An analysis of the efficacy of uterine artery embolization in obstetrical hemorrhage


  • Ritika Srivastava Department of Obstetrics and Gynecology, Bhagwan Mahaveer Jain Hospital, Bengaluru, Karnataka, India
  • P. K. Mehta Department of Maternal-Fetal Medicine, Bhagwan Mahaveer Jain Hospital, Bengaluru, Karnataka, India
  • Indusekhar Department of Interventional Radiology, Bhagwan Mahaveer Jain Hospital, Bengaluru, Karnataka, India



Obstetric hemorrhage, Postpartum hemorrhage, Postabortal hemorrhage, Uterine artery embolization


Background: Obstetrical hemorrhage is the single most important cause of maternal morbidity and mortality. The study is conducted at a tertiary-care hospital to assess the efficacy of uterine artery embolization as a treatment for obstetrical uterine hemorrhage.
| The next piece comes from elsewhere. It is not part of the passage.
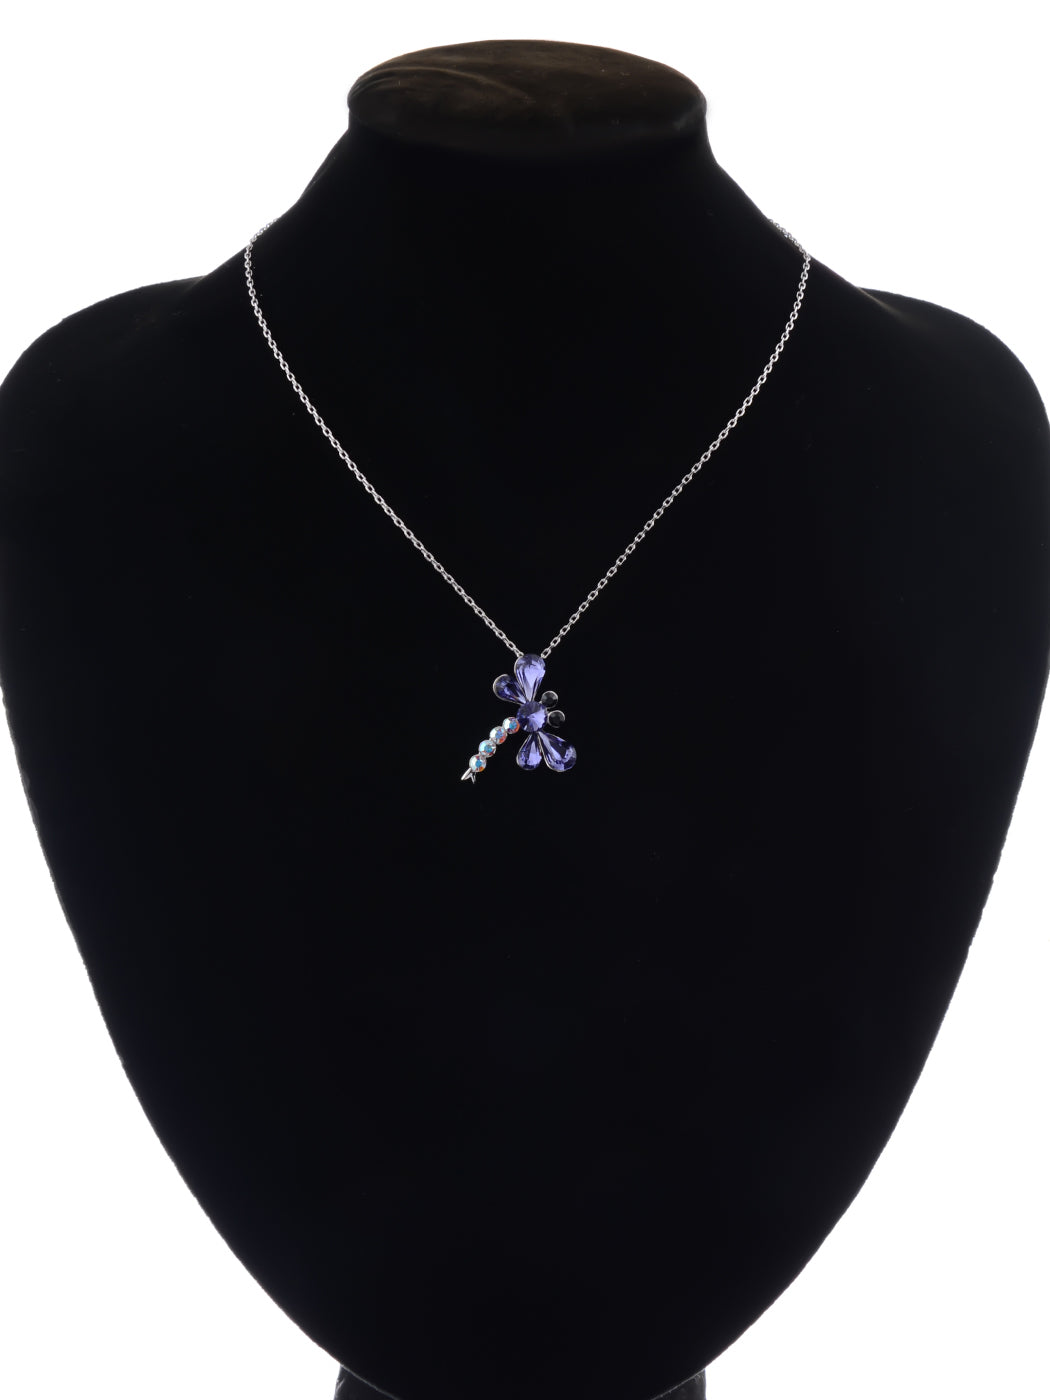 Swarovski Crystal Amethyst Purple Ab Cartoon Dragonfly Bug Pendant Necklace

It examines various aspects such as the outcome of the procedure, need of blood and blood products, need of secondary procedures post intervention and the possibility of future pregnancies.

Methods: It was a retrospective observational study conducted with sample size of 20 patients with obstetrical hemorrhage at the Department of Obstetrics and Gynecology of Bhagwan Mahaveer Jain Hospital, Bengaluru in India between January 2011 to July 2019.

Results: Records of 20 patients with obstetrical hemorrhage were assessed. The study indicates that 11 patients experienced postpartum hemorrhage (PPH), 5 postabortal bleeding & 4 bleeding due to scar ectopic. Out of 20 patients, hemodynamic stability was achieved in 17 cases (85%), hysterectomy was needed in 2 cases (10%) and 1 (5%) patient died after the procedure. Of total 20 cases, 18 (90%) required secondary procedures post-intervention like dilatation and evacuation 6 cases (33.3% of total cases), vaginal suturing and packing 10 cases (55.5% of total cases) and supportive measures like PPH and Disseminated intravascular coagulation (DIC) management in 2 cases (11.1% of total cases). Blood transfusion was given in 15 cases (75%) after the procedure. Future pregnancy was attained in 8 cases (47%) after considering the history of the patients, loss of follow-up, possibility of complications, family planning and hysterectomy performed.

Conclusions: Uterine artery embolization is a very effective method to control obstetric hemorrhage with high success and low complication rate and hysterectomy can be avoided to preserve fertility.